You could some boiled potato to his kibble just to test it perhaps


----------



## Penny & Maggie's Mom (Oct 4, 2007)

Your vet must be smoking something. Fiber is found in LOTS of carbs...High Fiber Foods for a High Fiber Diet , certainly not in meat sources. Sounds like he must have slept thru his solitary nutrition course.


----------



## Penny & Maggie's Mom (Oct 4, 2007)

Isn't Oakley on the Fromm 4 star line? If so, the fiber is 3%.... certainly not what I'd consider high.


----------



## oakleysmommy (Feb 20, 2011)

goldenjackpuppy said:


> I thought fiber was a good thing?  I do wonder if that's just how he is though....so the potatoes and stuff would just slow everything down in his digestive tract? Binding him up doesn't seem to be a good solution, IMO, unless he's having loose stools. I have a friend that feeds Innova and likes it, but I've never really looked into it.
> 
> Have you tried supplementing with probiotics? I give the Nature's Farmacy Digestive Enzymes and really like the product.

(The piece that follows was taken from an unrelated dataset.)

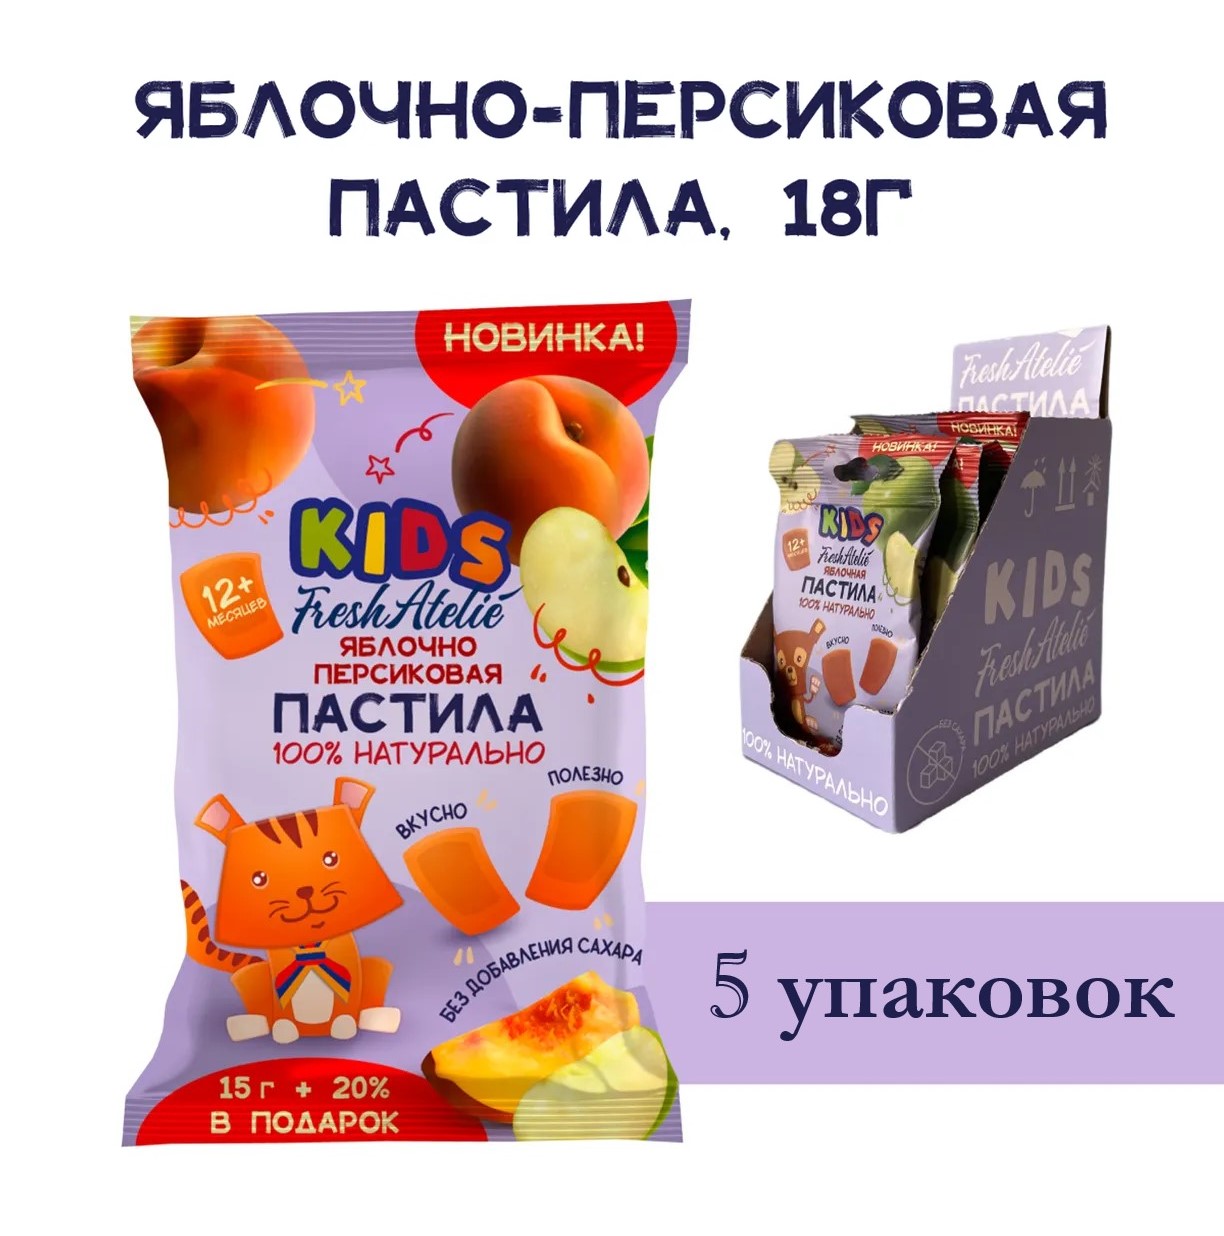 Пастила Яблочно-Персиковая для детей FRESH ATELIE KIDS Пастилки 15гр+20%, 5 упаковок

 i honestly think this is just how his body is..i have him on the Nature's Farmacy as well and i told the vet that. He said higher fiber food causes the body to digest fast and lower fiber would be better for him as he has too much "output". i may just try adding my own potatoes or rice?


----------



## Dallas Gold (Dec 22, 2007)

oakleysmommy said:


> i honestly think this is just how his body is..i have him on the Nature's Farmacy as well and i told the vet that. He said higher fiber food causes the body to digest fast and lower fiber would be better for him as he has too much "output". i may just try adding my own potatoes or rice?


But it's the fiber that firms up the stool....at least that's what's worked for us! I know it works for humans that way! Yes it moves it out faster, which is a good thing (intestinal cancer wise) and yes it's bulkier. I thought you were more concerned with soft stool? Or is it frequency or both?


----------



## oakleysmommy (Feb 20, 2011)

his poops are firm/normal its the frequency. i thought fiber firmed up the stools too? That is why i asked everyone here first before listening to the vet.


----------



## Dallas Gold (Dec 22, 2007)

oakleysmommy said:


> his poops are firm/normal its the frequency. i thought fiber firmed up the stools too? That is why i asked everyone here first before listening to the vet.


That's been my experience.


----------



## GoldenCamper (Dec 21, 2009)

Give it a try. When dealing with Tucker's colitis issue, my vet told me the same thing. Some dogs will do better on a low fiber food contrary to popular belief that high fiber is always the cure. Surprised me too! 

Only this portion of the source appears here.